Available data below:
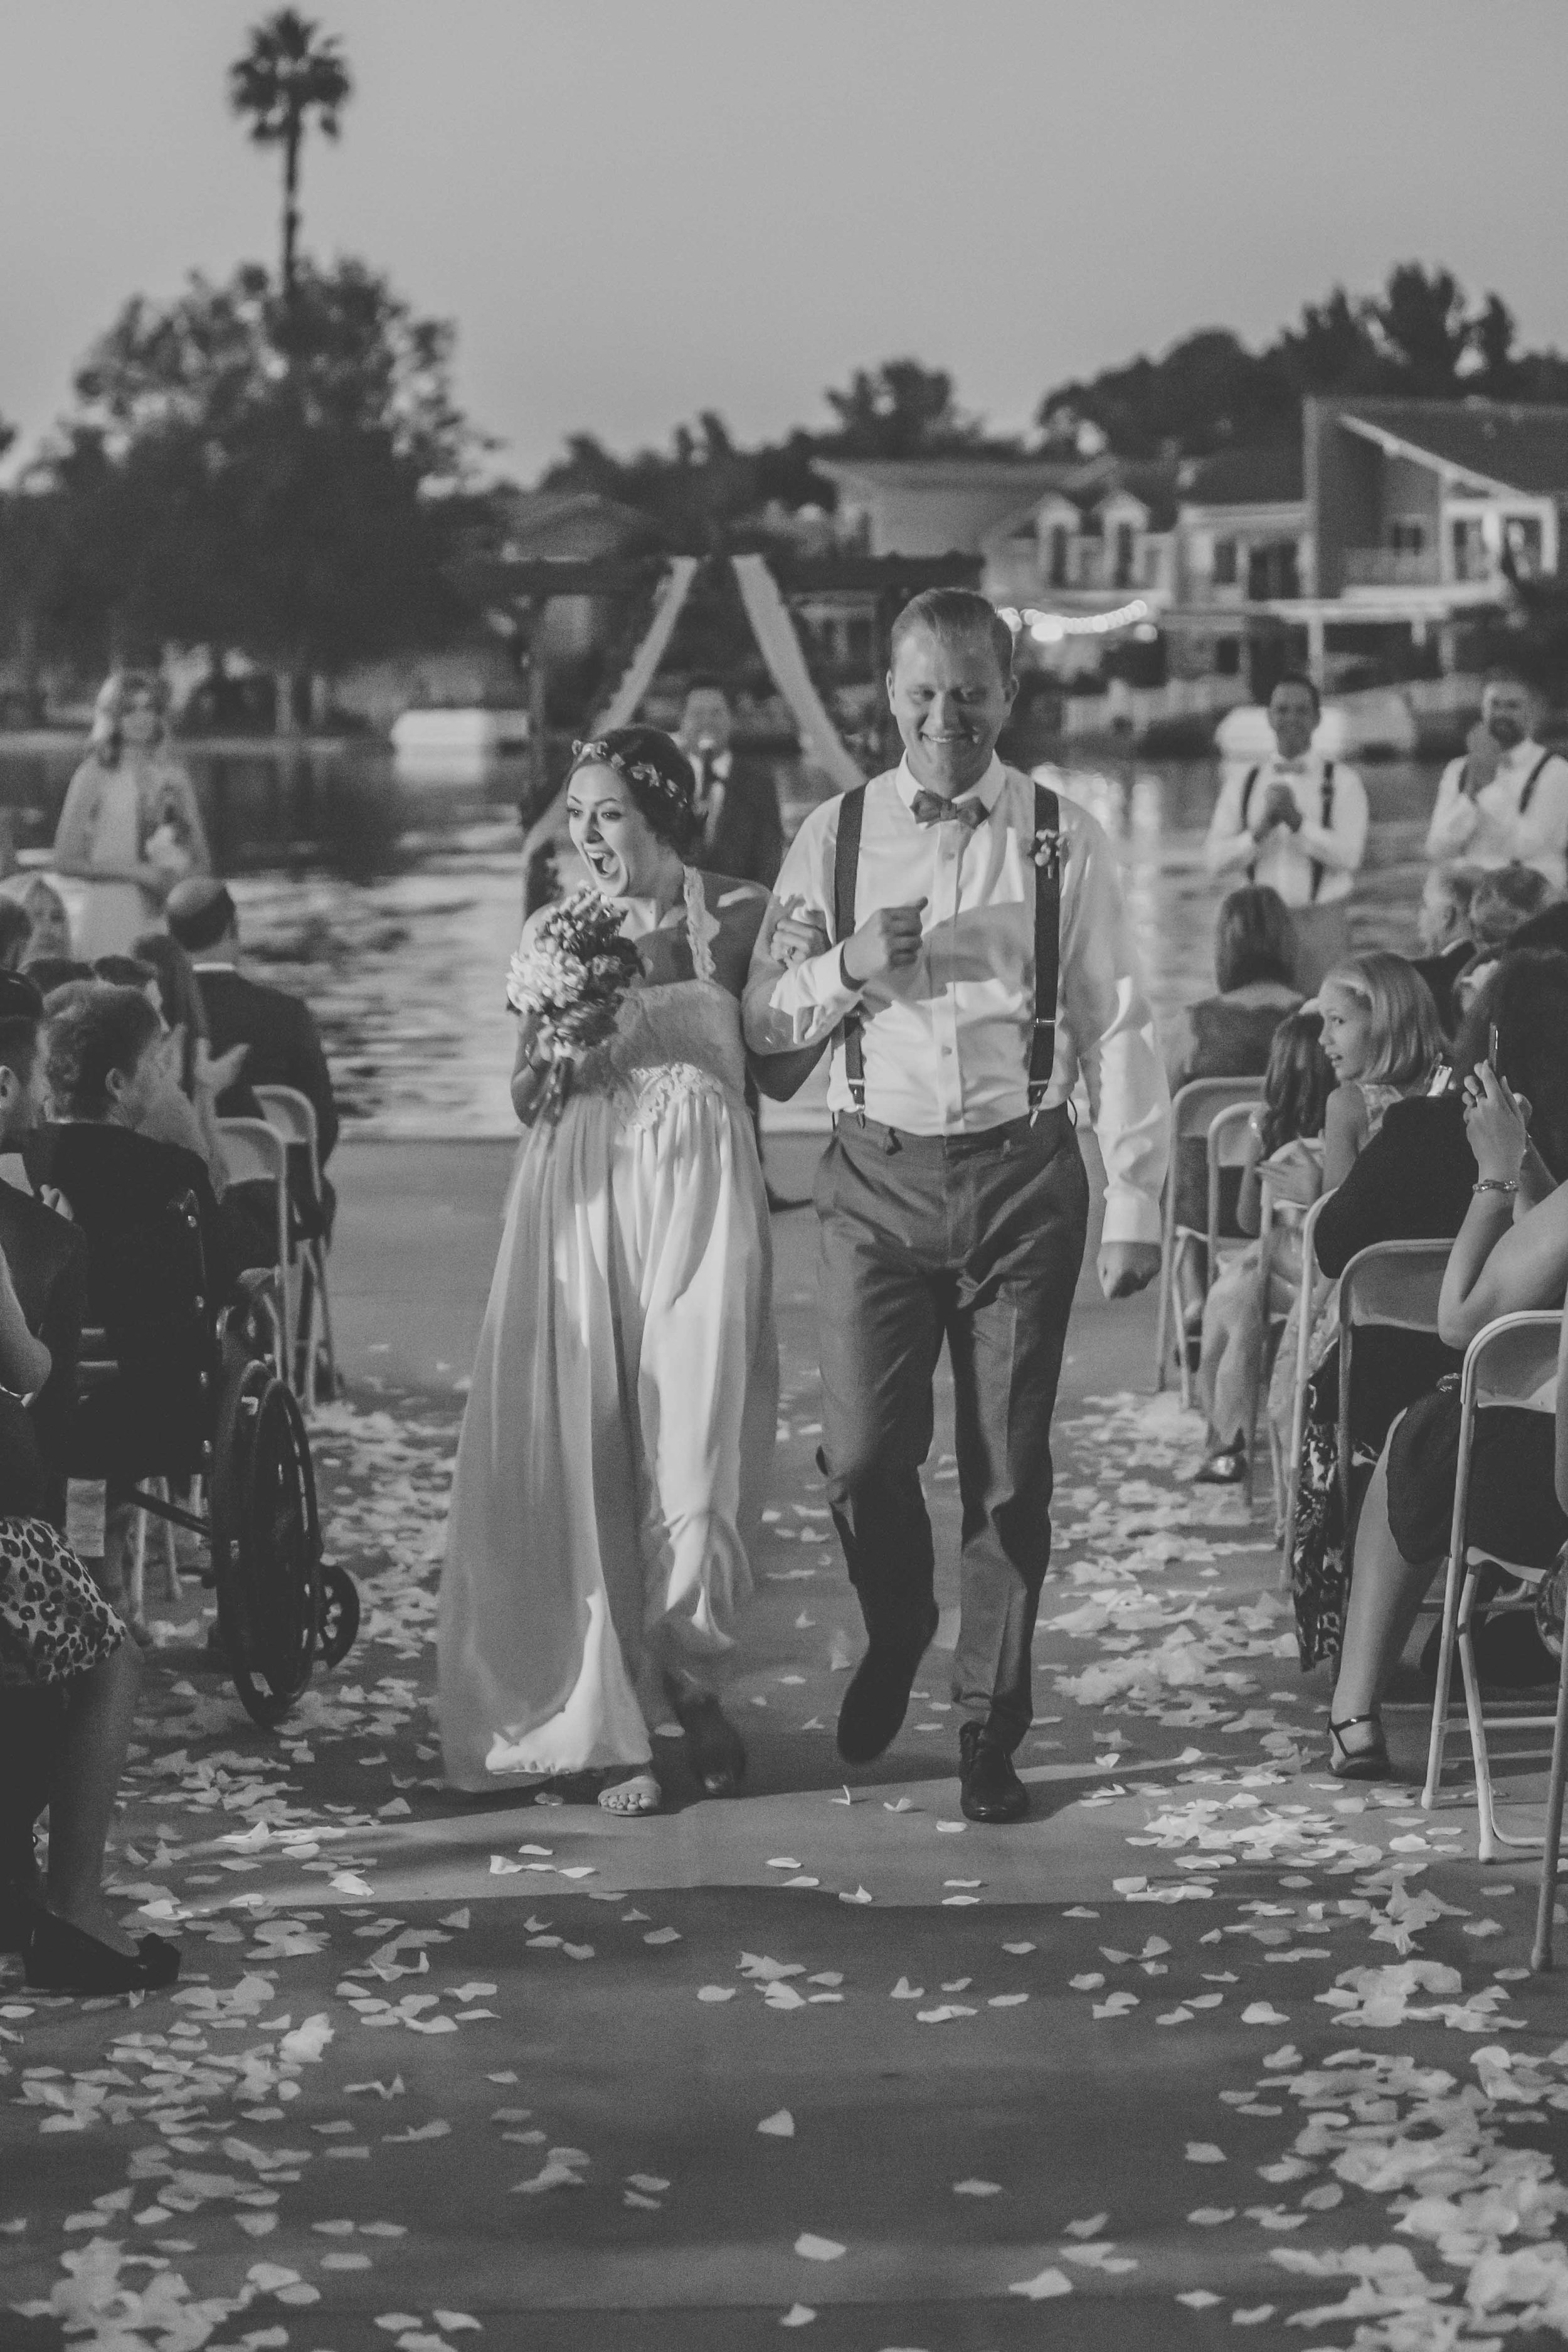 20141024-DePartee-Wedding-APavone-052-sm.jpg
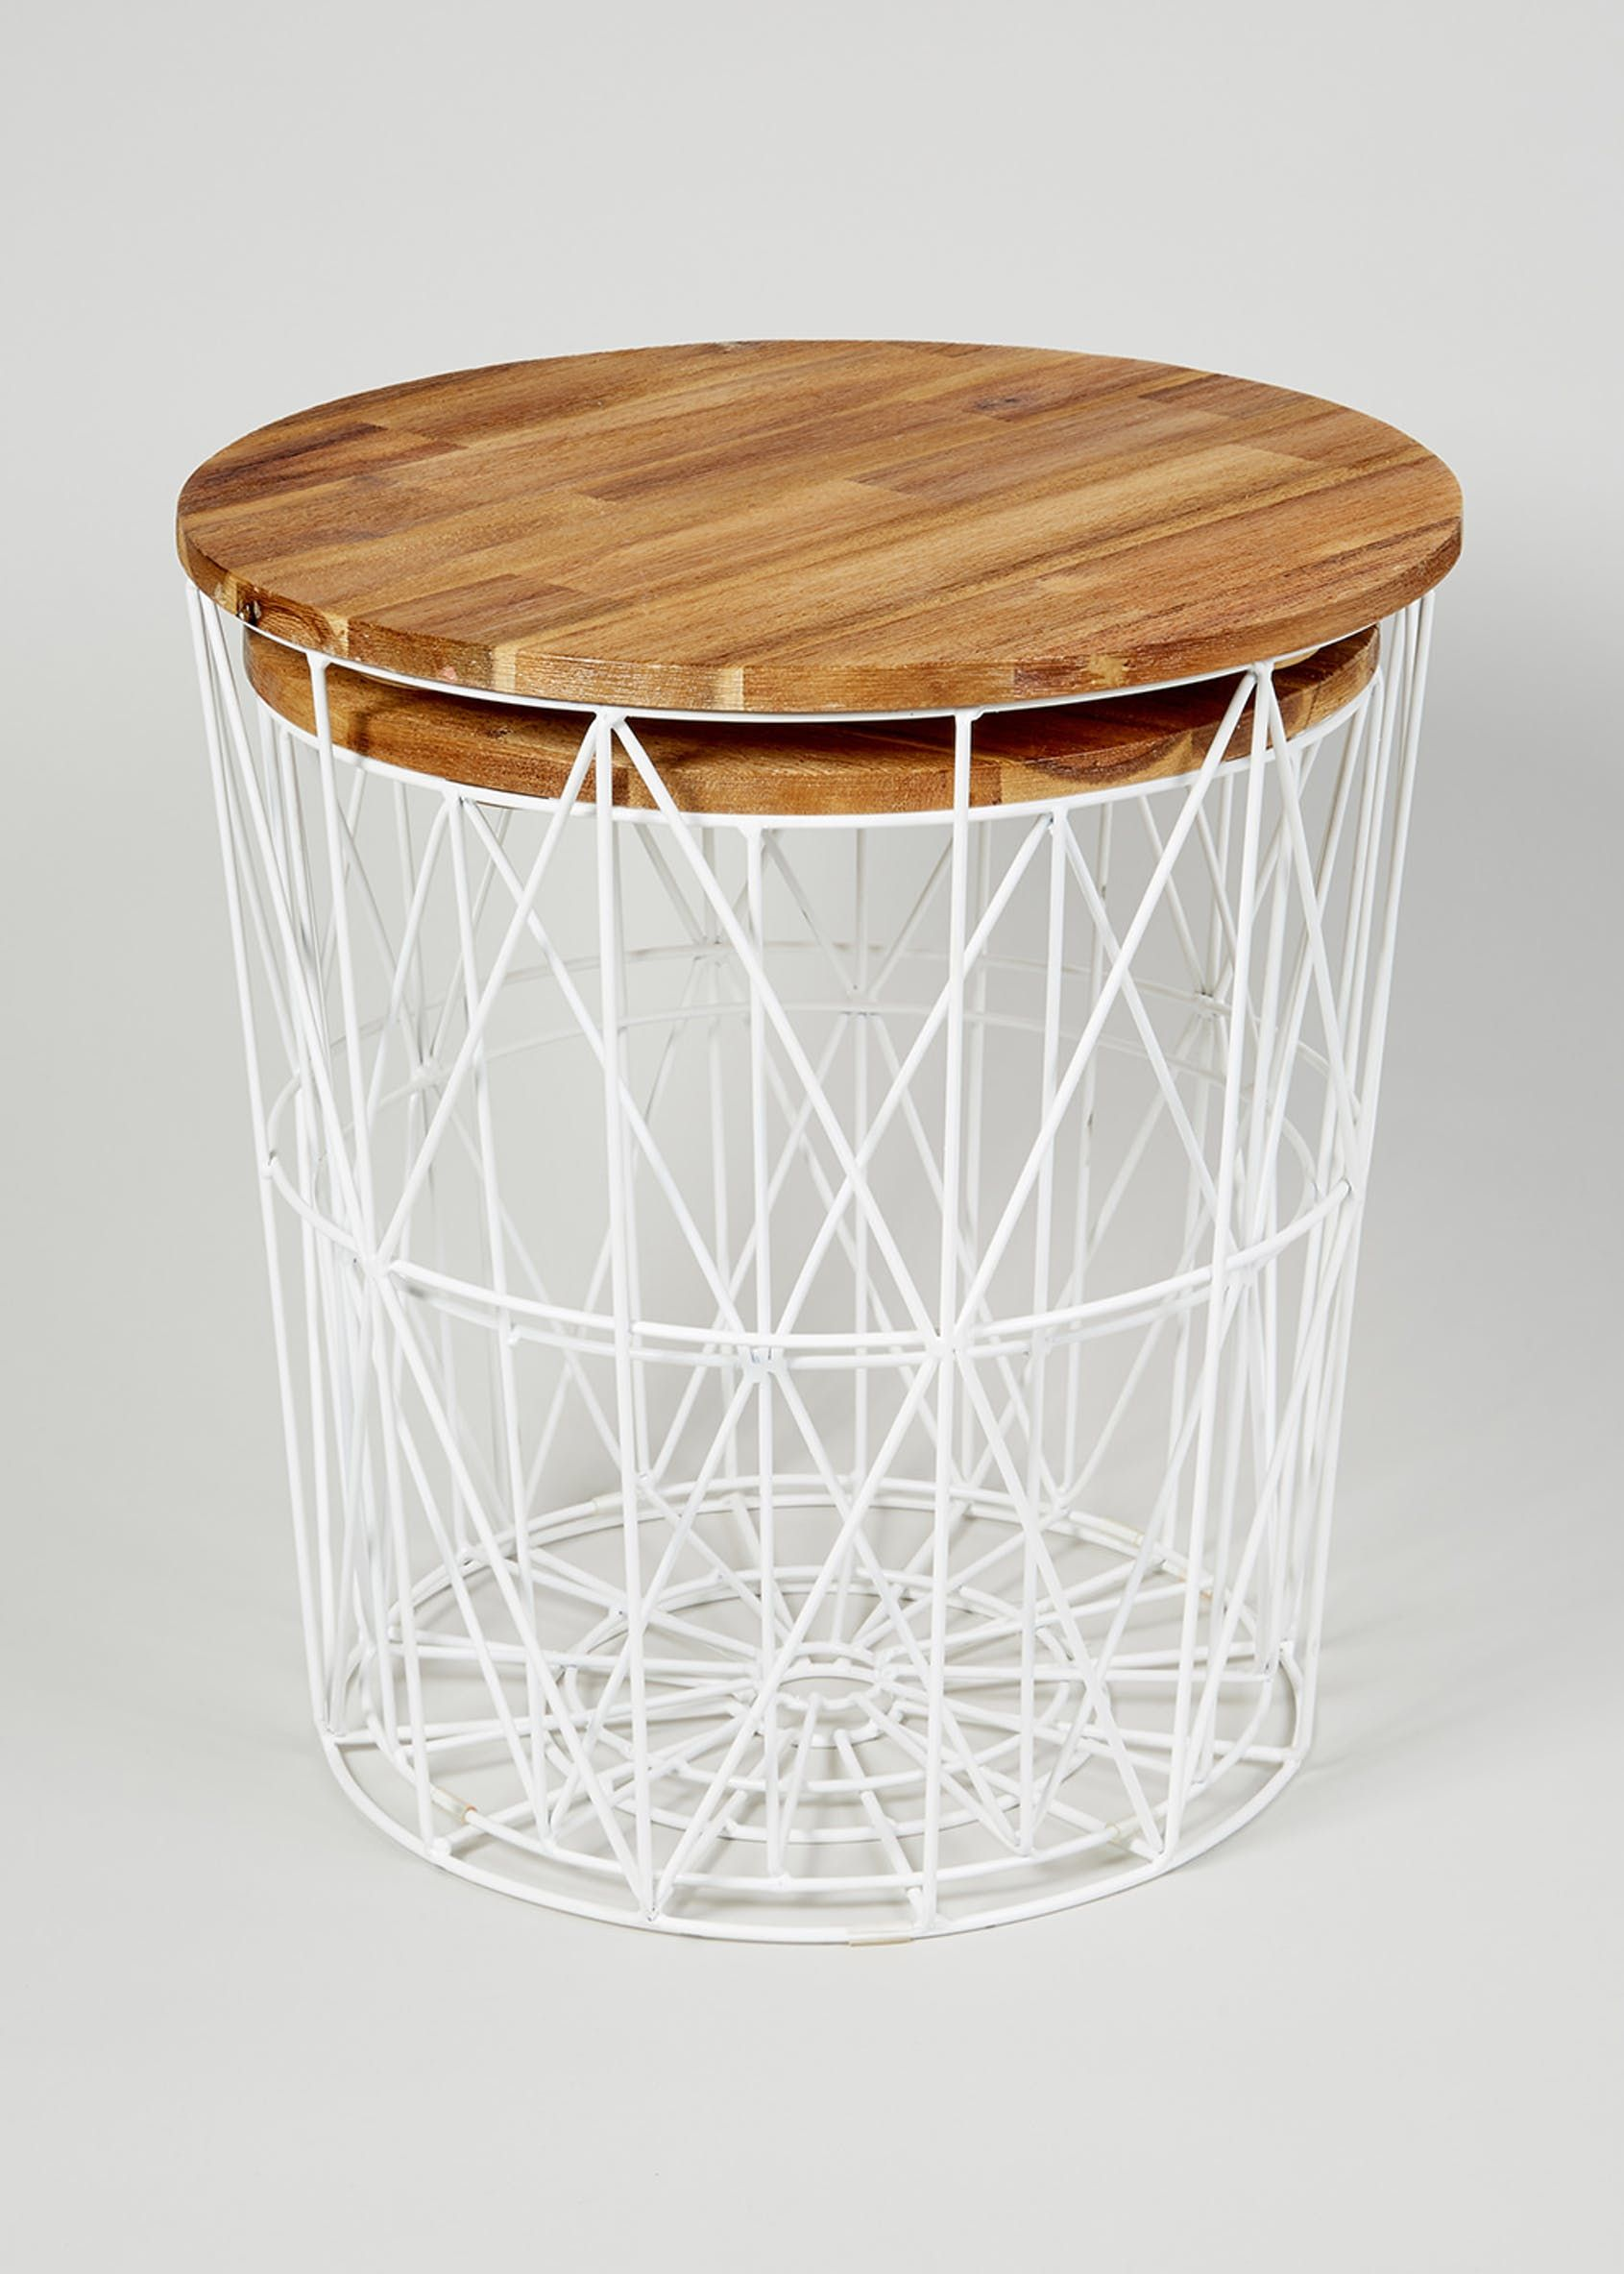 super popular 4a984 4010e Jaxson Nesting Side Table (H48cm x W45cm) – Natural   House ...
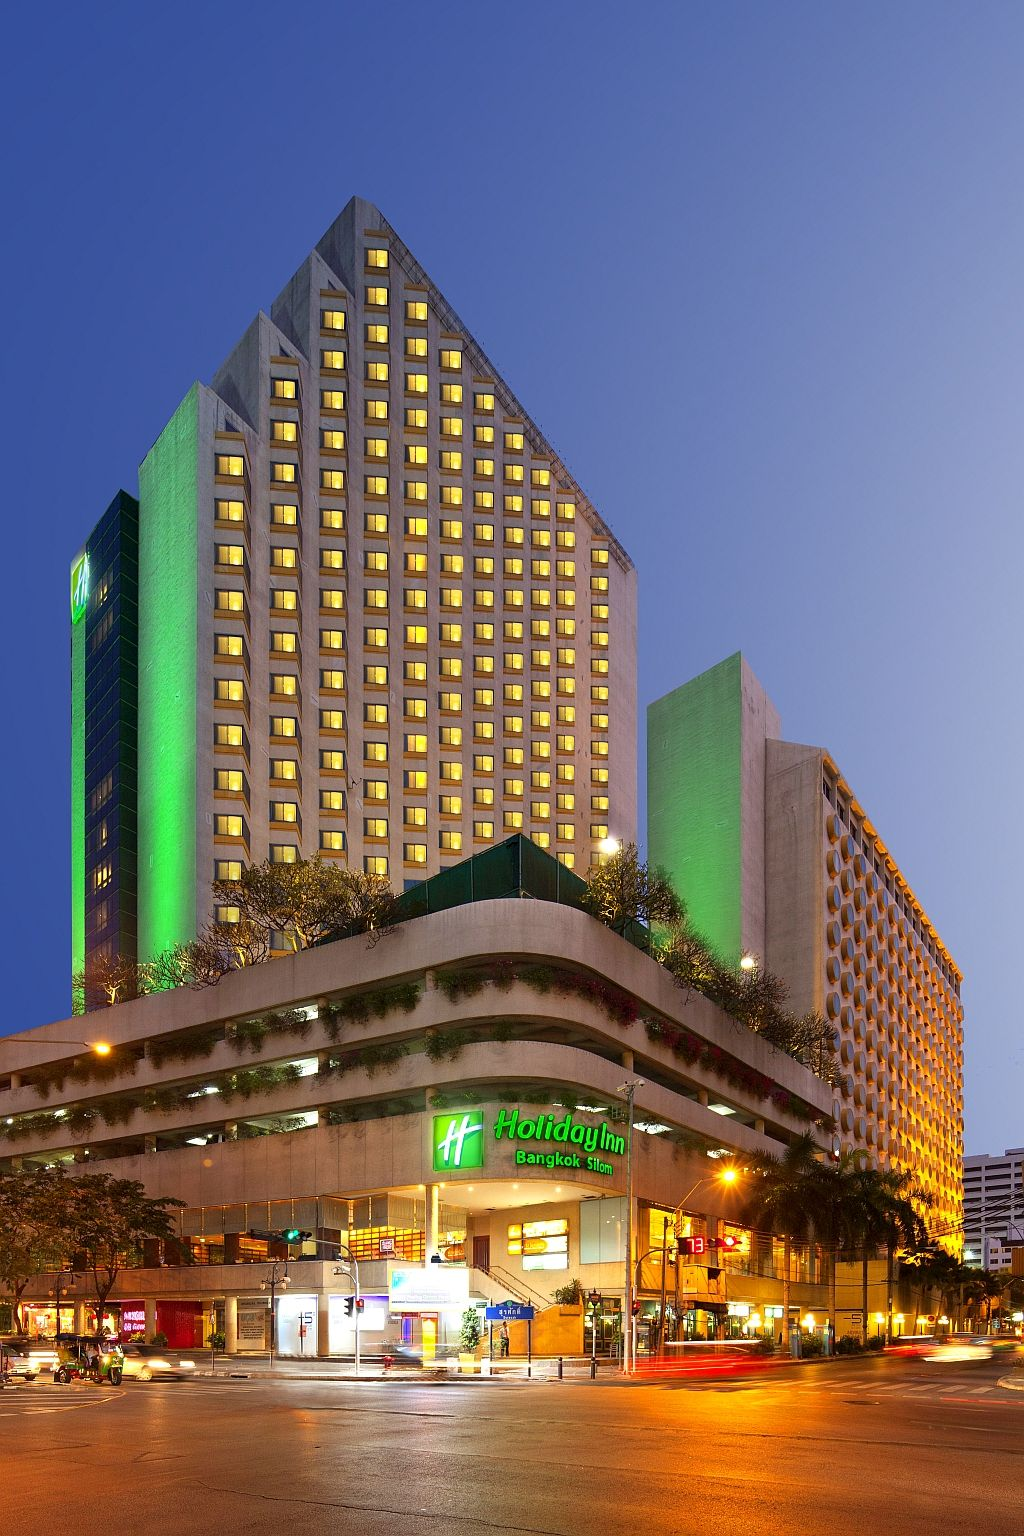 Holiday Inn Bangkok Silom is located on bustling Silom
End of Available data.
## Exercise
Return the full set of lines above word for word and with no pictures.

## Task result
 20141024-DePartee-Wedding-APavone-052-sm.jpg
 super popular 4a984 4010e Jaxson Nesting Side Table (H48cm x W45cm) – Natural   House ...
 Holiday Inn Bangkok Silom is located on bustling Silom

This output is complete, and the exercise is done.